Revving Up the Printing Press
There’s also another problem. While the commercial banking system was busy creating money from its deposits, the governments of the world, led by the U.S., were also busy printing money.
So commercial banks create money, which is debt, central banks print more money and governments artificially manipulate the economy to hold interest rates down.
Today’s world is seeing near-zero interest rates, low growth, huge increases in money supplies around the globe, unprecedented levels of debt, high unemployment and governments that have been exerting the wrong kind of influence on their respective economies.
The only reason this has worked out so far is because ordinary people don’t understand what’s going on and continue to believe in the fiat currency they’re working for and saving for their future.
But what do you think will happen to economies built using the same model as a Pyramid or Ponzi scheme?
The simple answer is those economies will come crashing down and will take stock markets around the world with them.
Interest rates will have to rise, inflation will run rampant – wiping out people’s real savings – while taxes will significantly increase to pay for the absurd debt levels. People who are holding money in savings vehicles such as bank accounts and bonds will see their purchasing power turn negative and an entire host of other problems will result.
Not All Bad News
Fortunately, although markets will crash when interest rates inevitably jump and people face huge tax increases and lose confidence in governments’ ability to repay their debts, some companies will surge. These are the companies that have genuine value backing their earnings.

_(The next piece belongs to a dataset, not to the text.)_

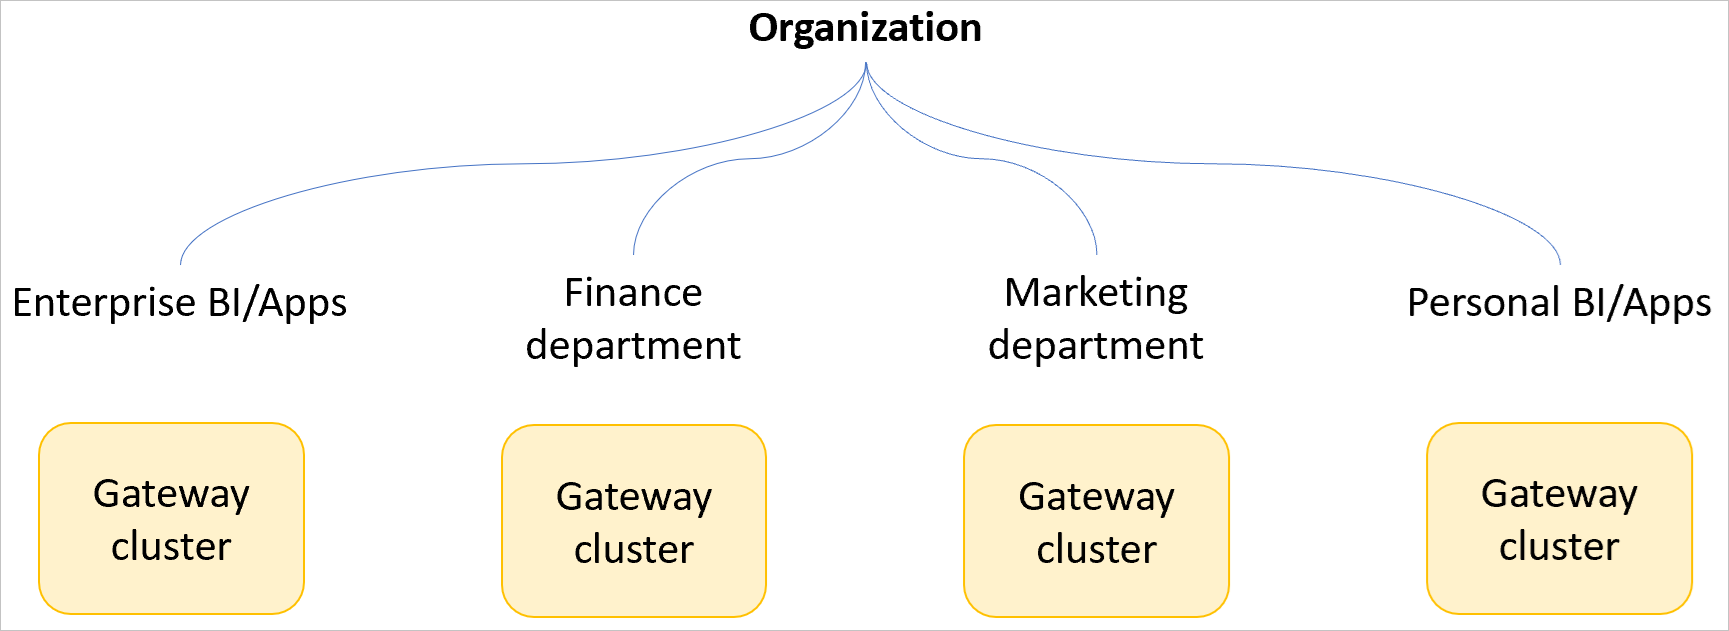 Imagen de una organización de ejemplo con clústeres de puerta de enlace separados para BI y aplicaciones empresariales, el departamento de finanzas, el departamento de marketing y BI y aplicaciones personales.

These companies sell products that people must buy regardless of economic conditions – products such as food, shelter and basic clothing. And some companies operate at an international level and are resilient to local economic downturns. Companies that do both are best positioned to weather the impending storm.
…focus on value and real growth instead of hand-wavy Wall Street products derived from multiple levels of incomprehensible financial engineering that produce the illusion of profitability.”
Gone are the days when you could invest in broad market indexes and expect them to continuously go up forever. Today’s successful investors need to select specific, high quality companies with strong economic moats operating at a global level with experienced management teams in control.
They need to focus on value and real growth instead of hand-wavy Wall Street products derived from multiple levels of incomprehensible financial engineering that produce the illusion of profitability.
And they need to turn their depreciating fiat currency into solid assets that will not only keep up with the real rate of inflation (which is far greater than what governments around the world would have you believe), but surpass it. That’s the only way investors will come out ahead.
The sad fact is, however, most people will be hit harder than they were during the 2008 global economic crisis when the negative ramifications of today’s governments’ actions finally play out over the next few years.
However investors who have positioned their portfolios correctly should come out relatively unscathed and some, who have cash-generating assets, could even thrive by purchasing great companies at rock-bottom prices while almost everyone else is either forced to sell or flee the stock market in panic.
How you fare as an individual is a direct result of what you decide to do right now. It’s not too late but time is definitely running out.